Окна многоэтажных домов, выстроившихся вдоль набережной, уютно золотились, за шторами и занавесками мелькали неясные фигуры, — Павлу Ивановичу подумалось, что в эту пору они с Машей усаживаются ужинать, поочередно выкликая из второй комнаты упрямящуюся Галку, и, пожалуй, сильнее, чем острую зависть к чужому семейному уюту в чужих окнах, почувствовал голод. Столовые, конечно, уже закрыты, в ресторан не пустят — амуниция не та, надо, значит, прямиком двигать на вокзал, — там всяких принимают. И перво-наперво — борща, горяченького…

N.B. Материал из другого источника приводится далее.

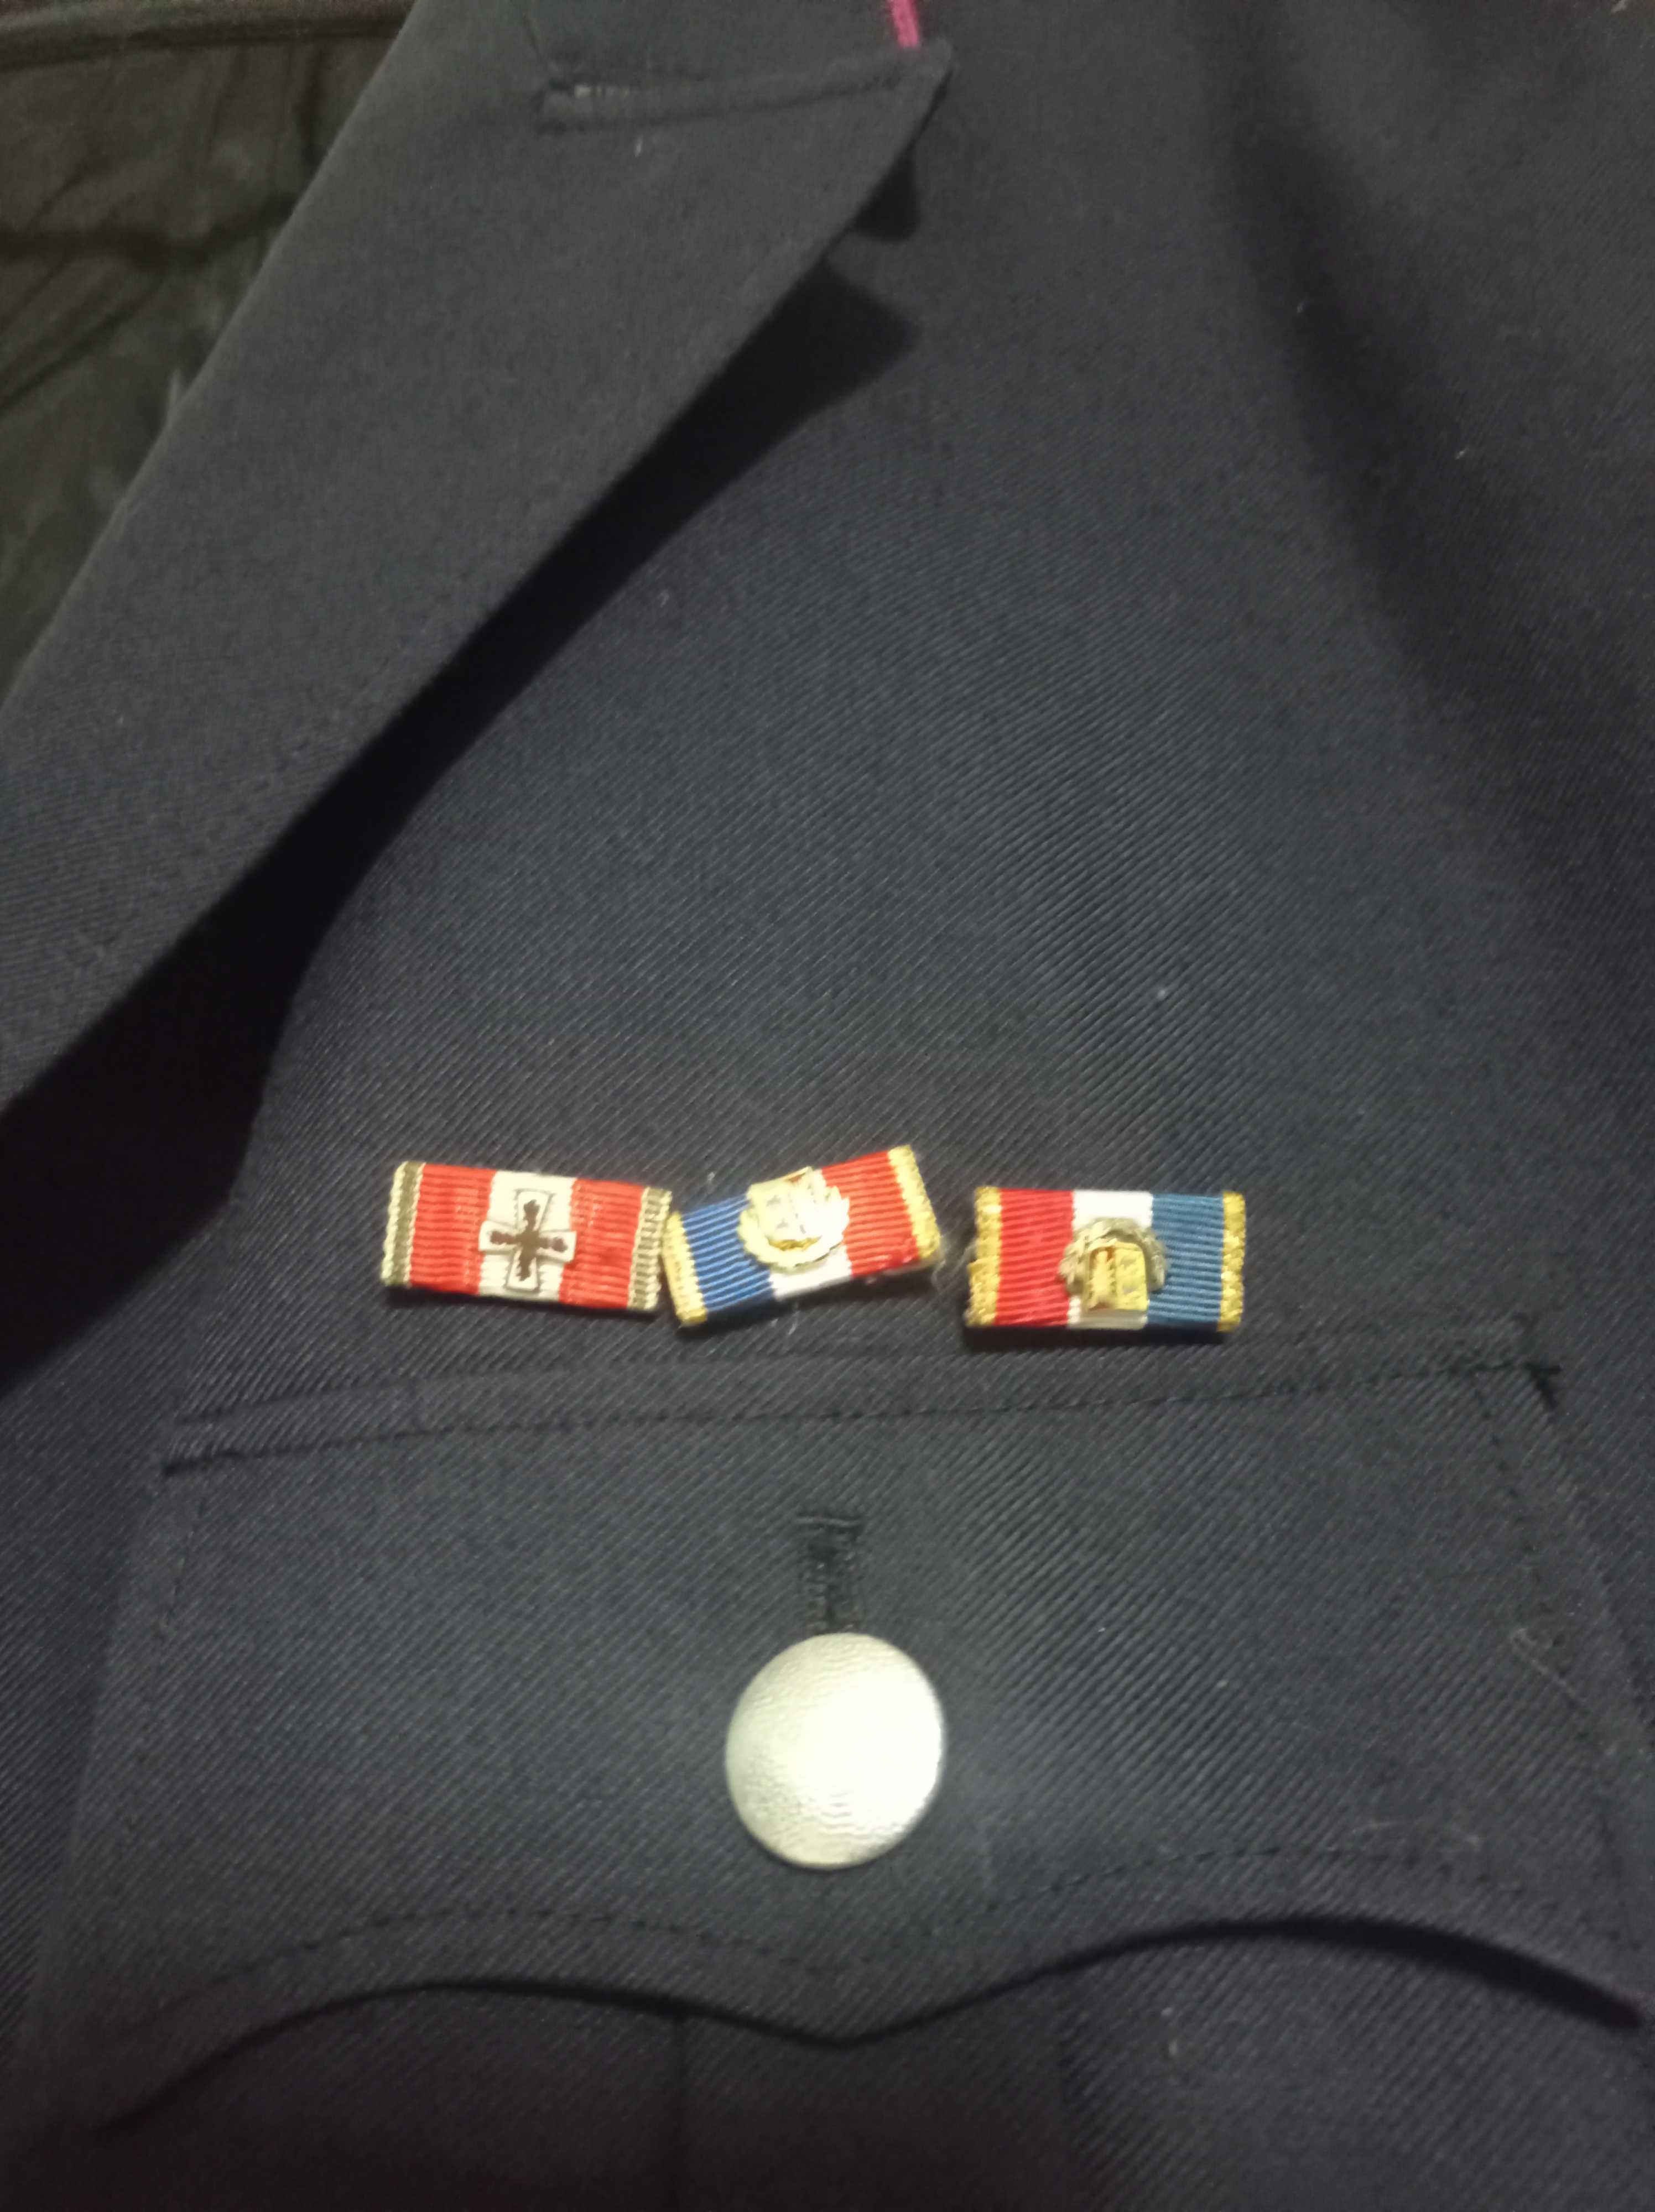 Bluza mundurowa niemiecka strażacka

Только здесь, в привокзальном ресторане, вытянув под свисающей скатертью гудящие ноги и чутко ощущая голенищами сапог поставленную между ними сумку с покупками, Павел Иванович почувствовал, как устал. Поджидая официантку, он окинул почти пустой зал — половина столиков была уже убрана и сдвинута — недоумевая посмотрел на электрочасы: длинная, заметно подпрыгивающая стрелка показывала двадцать минут двенадцатого, — что за шут? Он сверился со своими — тоже двадцать минут, только — одиннадцатого, понял, что время тут местное, на час вперед, и забеспокоился. Пока ешь, двенадцать будет, полночь, — чего доброго и в гостиницу не попадешь. Да нет, не должно быть — устроится как-нибудь, объяснит: командированный, вам же, мол, волжанам, шипучку к празднику доставил. В конце концов, ему не номер надо, а всего-навсего койку. Чтобы раздеться, лечь, вытянуться, и утром тогда, как в песне будет: «А мне семнадцать лет!..»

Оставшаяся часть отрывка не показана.